In the first part of this present report series (Coppock 1996) I
presented in the form of an ethnographic narrative an exploratory
investigation and discussion of how various aspects of interpersonal
and institutional norm systems for communication and interaction in
university-based teaching and research change when new communication
technology is introduced in order to implement co-operative forms of
work, talk and interaction at a distance between Italy and Norway in
a humanities undergraduate course setting.
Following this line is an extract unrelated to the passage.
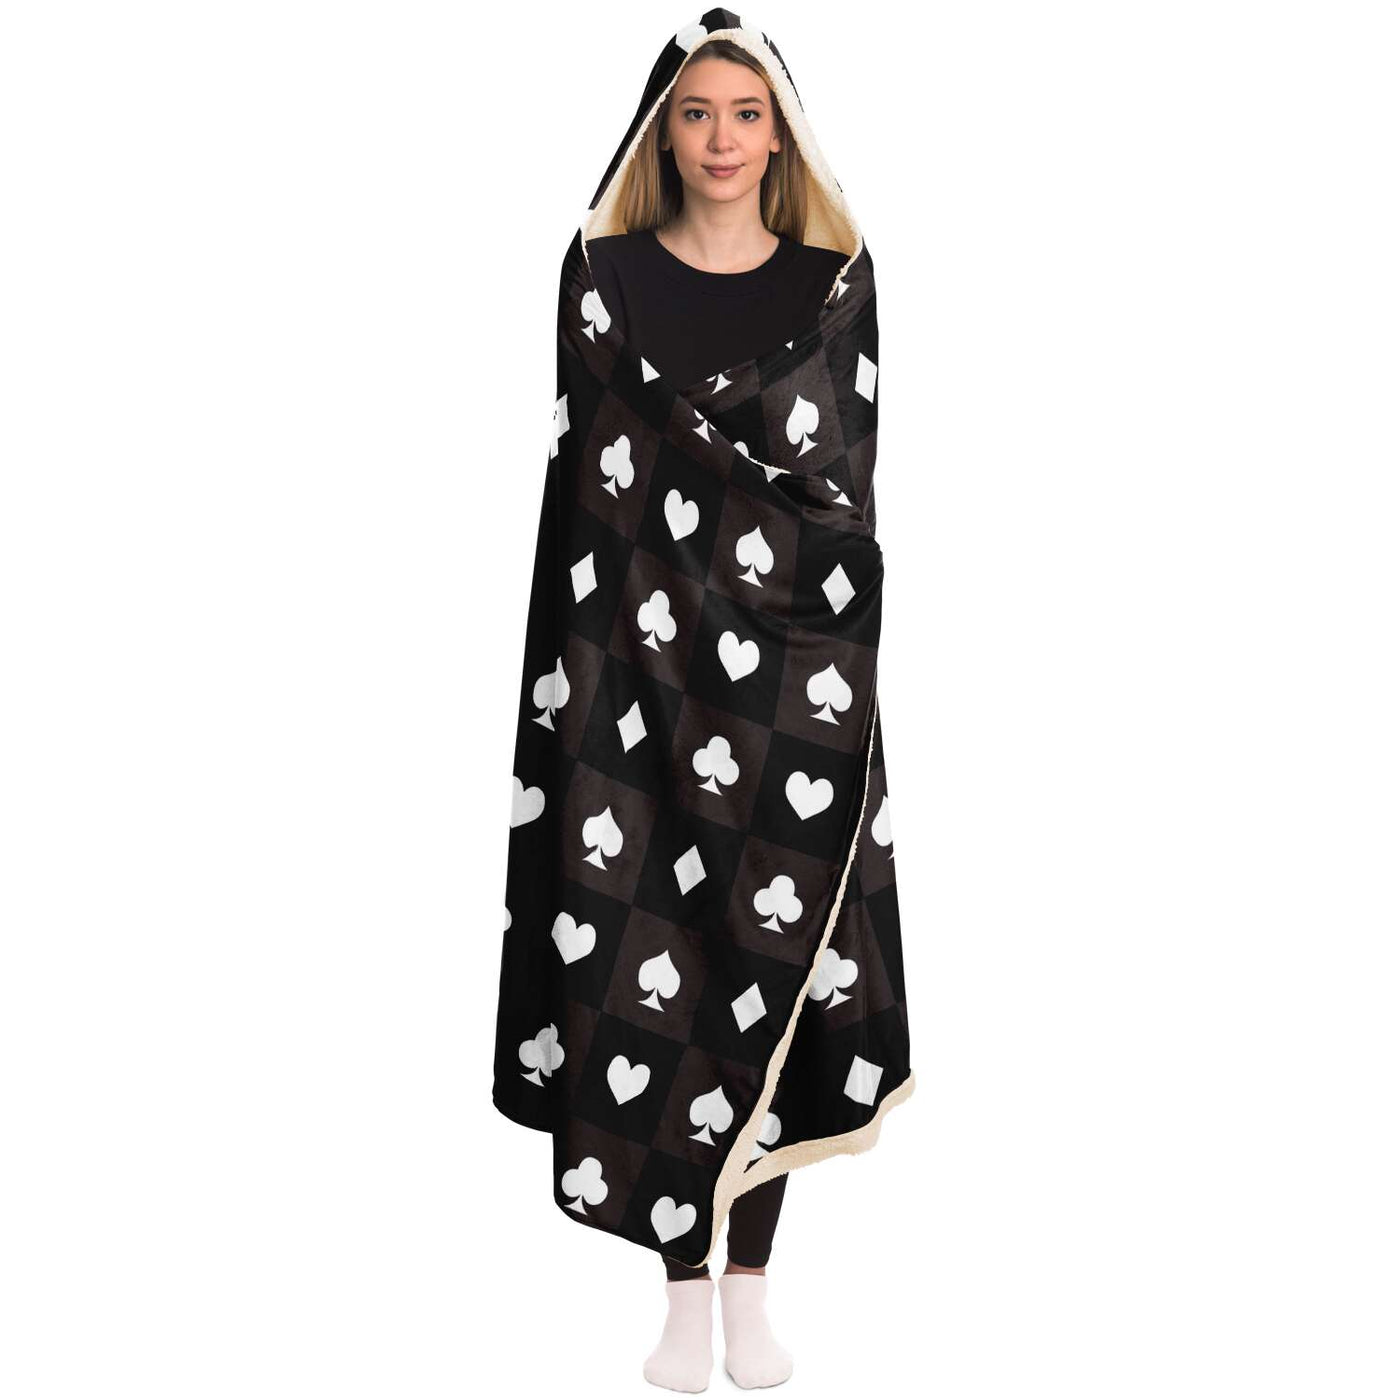 Light Gray Evil Alice Riding A Human Skeleton Head On A Stick | Hooded Blanket

This was based on some
recent experiences of transferring and translating a number of of
common practices from a traditional face-to-face university seminar
room into a DMC environment located at Diversity University.
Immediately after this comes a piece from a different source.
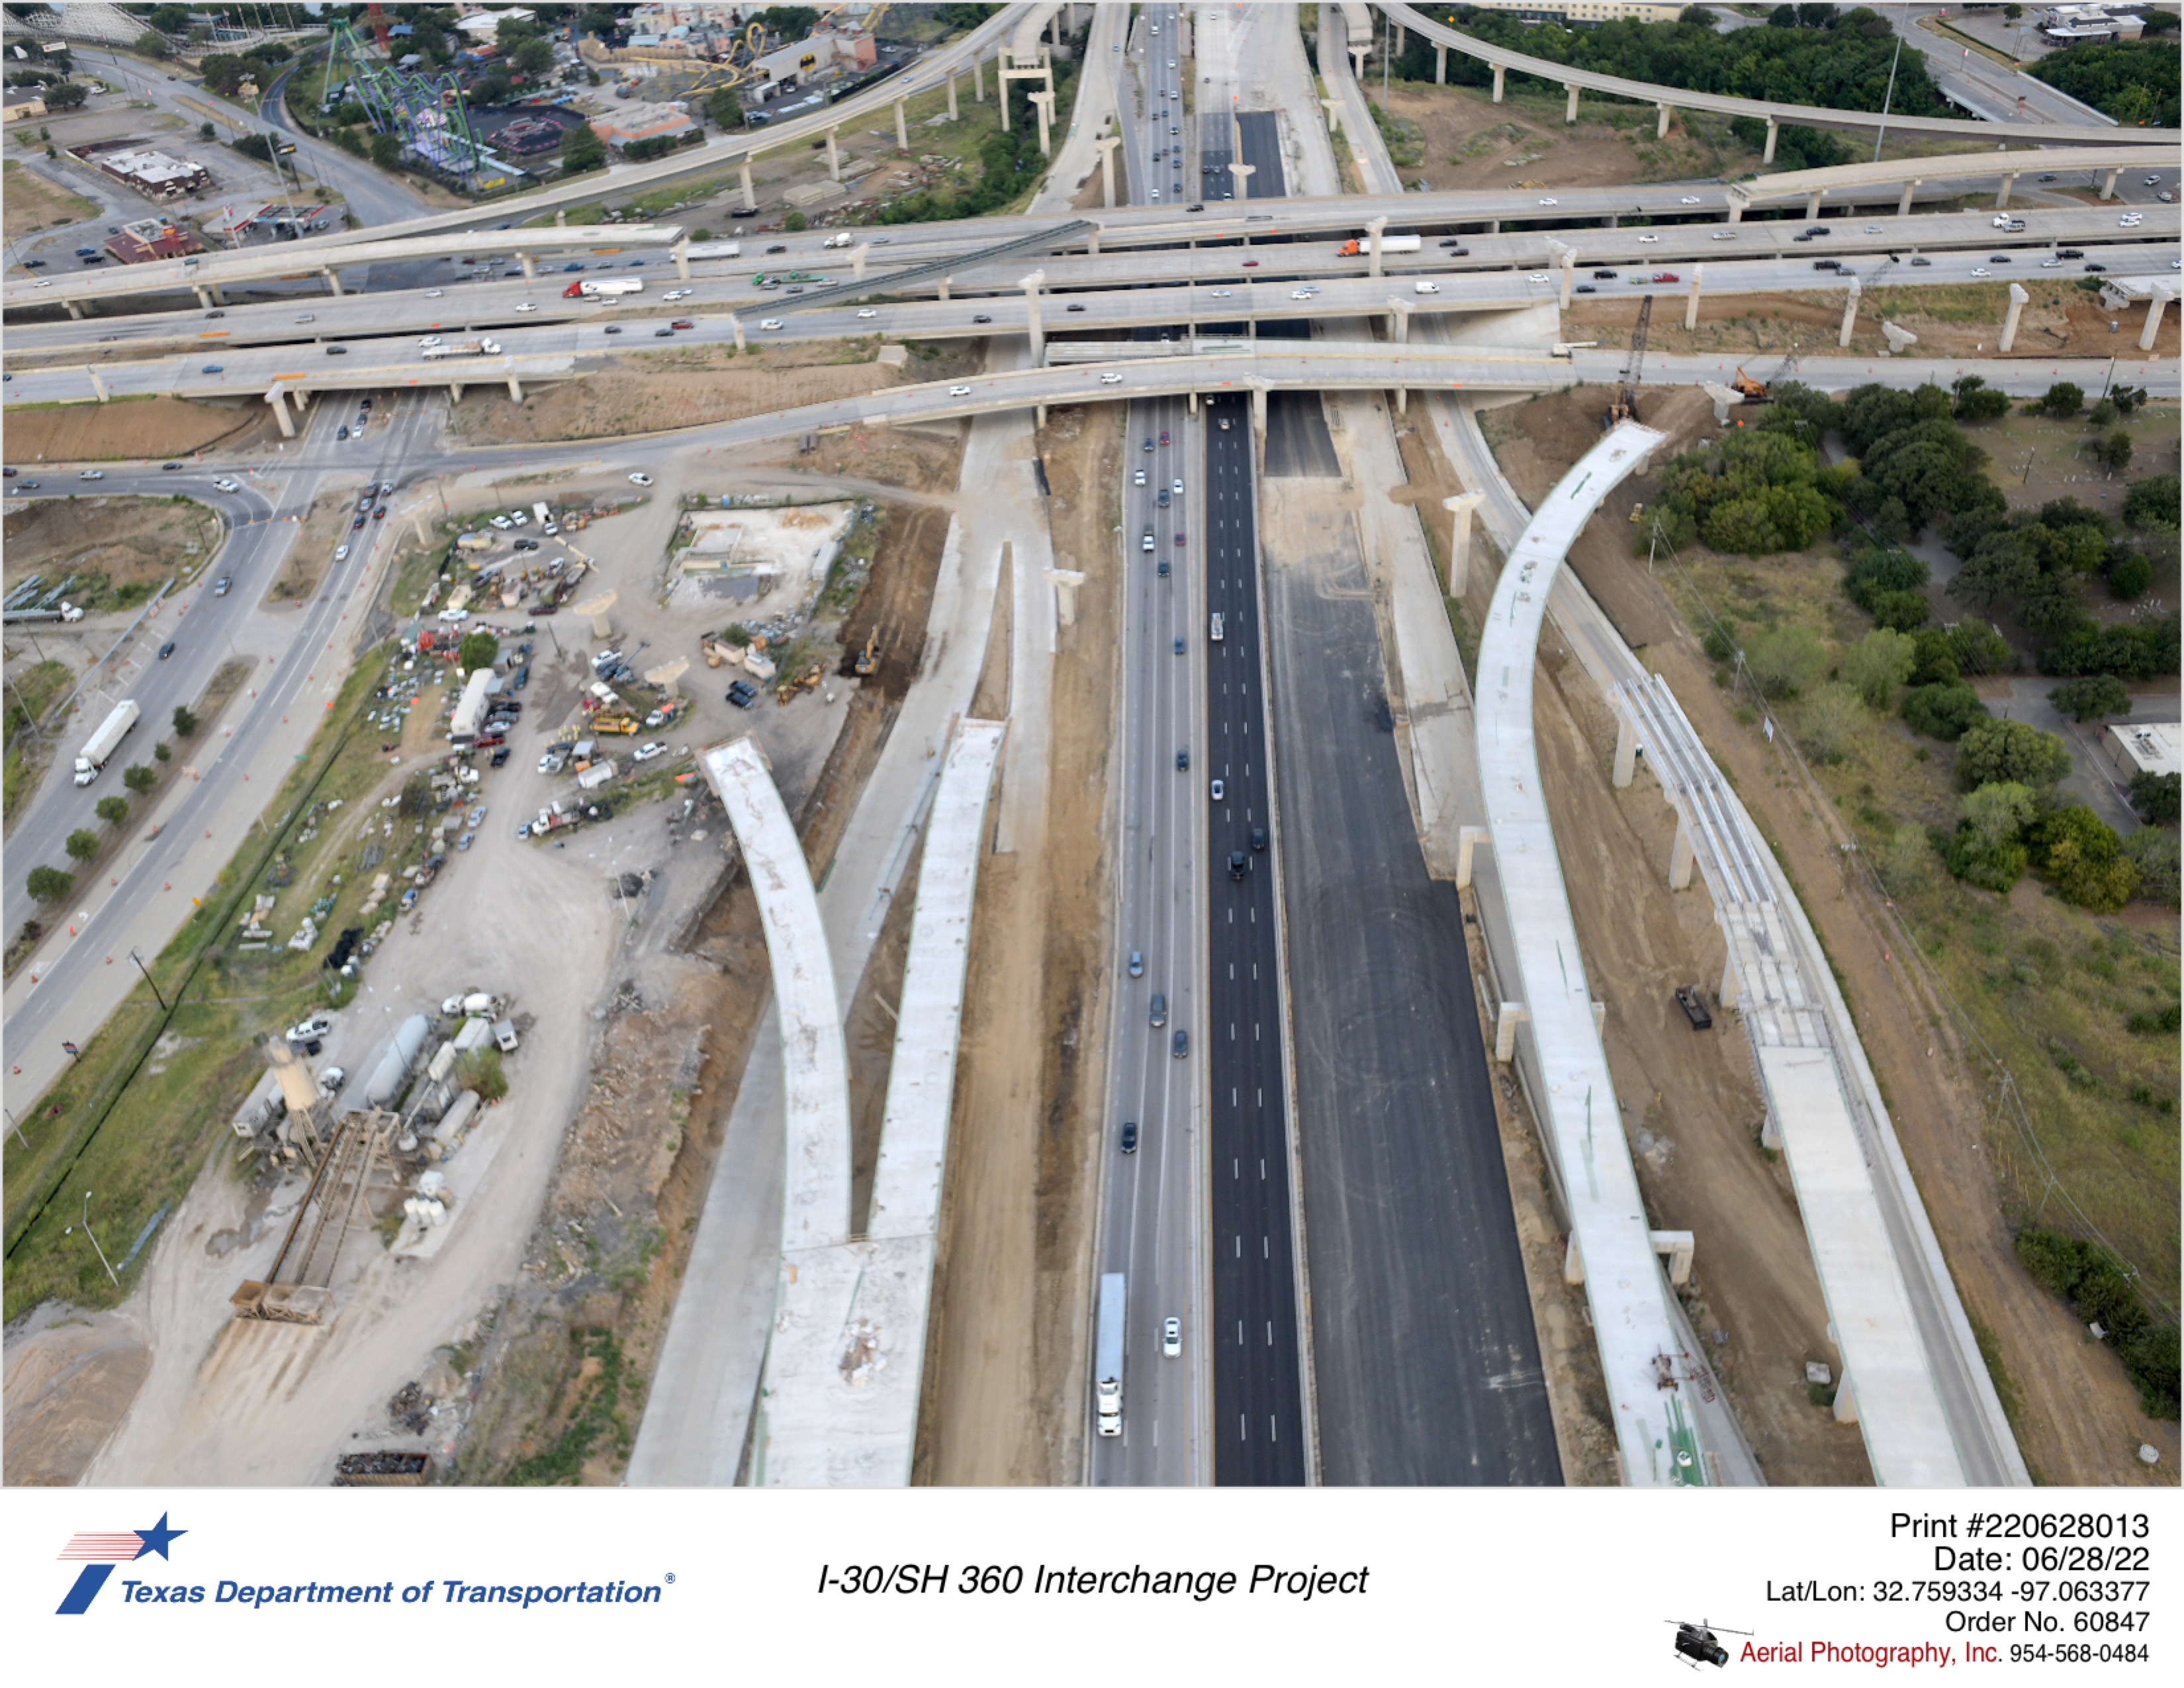 I-30/SH 360 interchange looking west. Image shows construction of I-30 permanent westbound mainlanes and partial construction of new direct connectors.

In this second section of this three-part report I shall continue this discussion of changing interpersonal and institutional norm systems for scientific communication through various kinds of writing practices in teaching and research in some more depth, while at the same time introducing some reflections on, and discussions of, more recent experiences related to the third perspective mentioned above, namely that of changing norms for international communication in science through writing practices in teaching and research.
I shall do this by amongst other things making an ethnographic narrative reconstruction and discussion of some of my own experiences of socialization into the role of "scientific-worker-at-a-distance", i.e. largely living and working in Bologna in Italy, while at the same time attempting to maintain a number of personal and professional, relationships with students and colleagues at the institute of Applied Linguistics at the now Norwegian University of Science and Technology, Trondheim, Norway.
In the course of this discussion I shall also to some extent draw on experiences with the development and maintainence over time of similar kinds of relationships-at-a-distance with students and colleagues at institutions in other parts of Norway, Scandinavia, and the rest of the world.[3]